Une fois encore, la théorie des transformations n’est pas postérieure à la théorie neutraliste de Kimura. C’est D’arcy Thompson qui en développa les thèses au début du XXe siècle. Resté longtemps inconnu du grand public, il doit son regain de notoriété à Gould, ainsi qu’à de nombreux praticiens actuels de la morphogenèse.

Dans On Growth and Form (1917), il montre qu’une grille coordonnée contenant la forme de telle espèce animale finit, après quelques distorsions cohérentes et mathématisables, par représenter celle d’une autre espèce, à condition que ces deux espèces ne soient pas trop éloignées l’une de l’autre. Il transforme ainsi le Diodon en Poisson-lune, etc. Il s’interroge également sur les causes physiques de la formation des structures vivantes, des coquilles minérales aux formes organiques elles-mêmes. Il remarque par exemple que la forme générale de la méduse Cordylophora correspond précisément sur une autre échelle, à celle qu’adopte une goutte d’alcool amylique tombant dans de la paraffine.

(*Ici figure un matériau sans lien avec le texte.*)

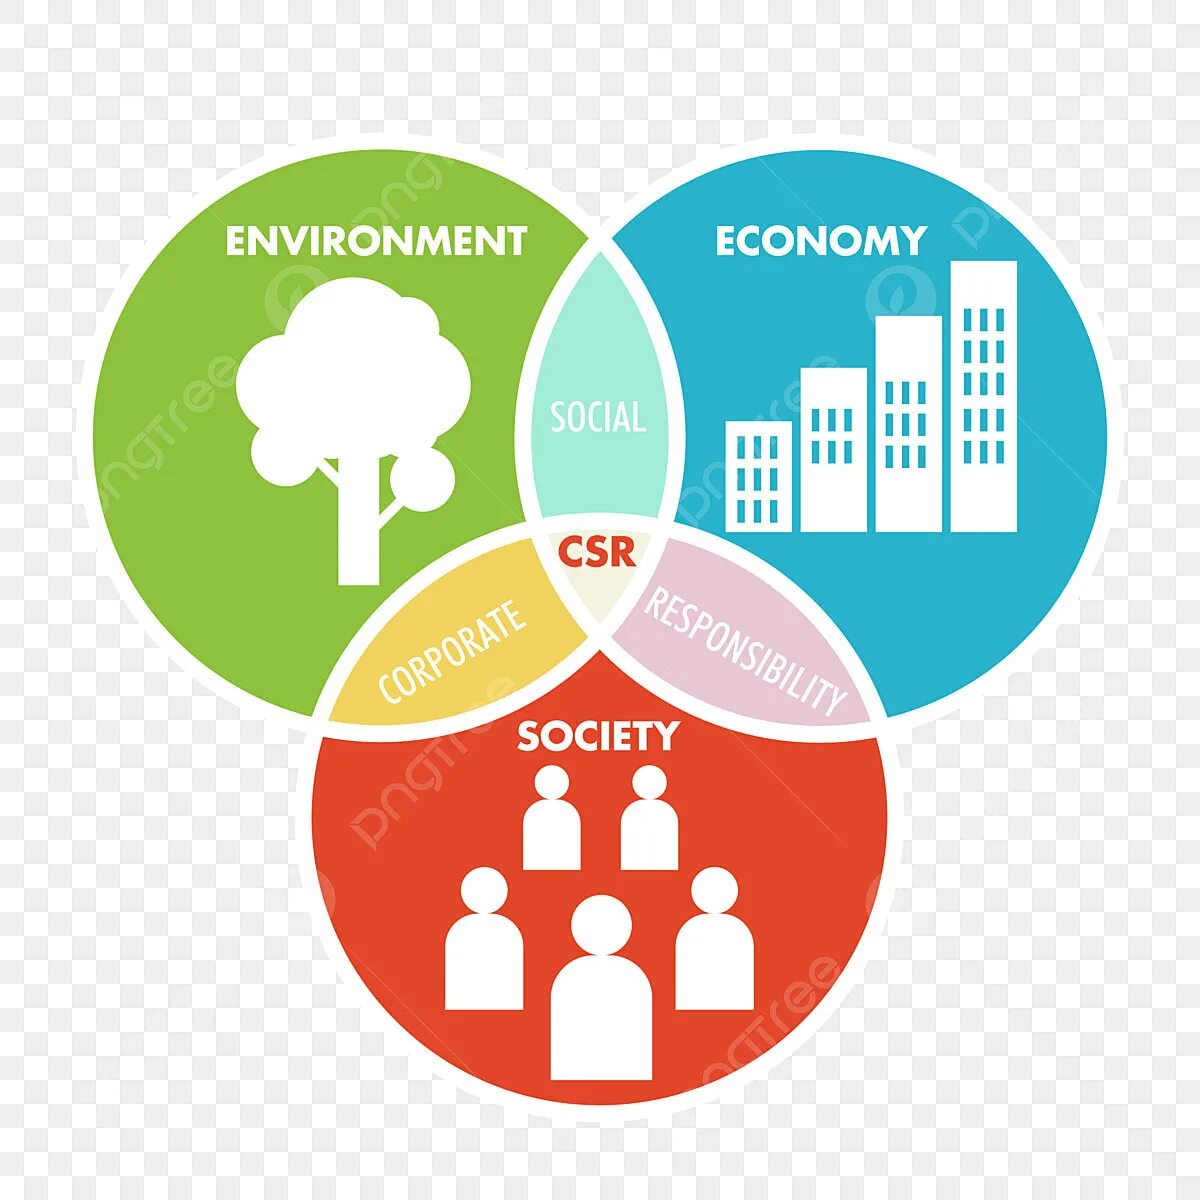 Economy society. Инфографика корпоративная социальная ответственность. Иконки для инфографики PNG. Socially and environmentally responsible иконка. Economy Society environment icons.

Thompson veut « déceler les lois physiques et mathématiques qui président à la croissance des formes biologiques » (tension superficielle, visco-élasticité, diffusion, convection, …). C’est en ce sens qu’il prétend rejeter tout finalisme : puisque la théorie darwinienne de la sélection naturelle lui apparaît elle même finaliste, il la rejette également… mais ne propose aucune théorie alternative. Sans disciples, sans école, il fut une proie facile pour les gradualistes d’antan, comme hérétique anti-sélectionniste : « Aussi longtemps que nous resterons ancrés à des concepts tels que celui de variation accidentelle[31] et de survie des plus adaptés, et que ces hypothèses contenteront les philosophes de la biologie, ces « causes satisfaisantes et trompeuses » empêcheront une quête rigoureuse et assidue (…) faisant le plus grand tort aux découvertes futures » (On Growth and Form, 1917).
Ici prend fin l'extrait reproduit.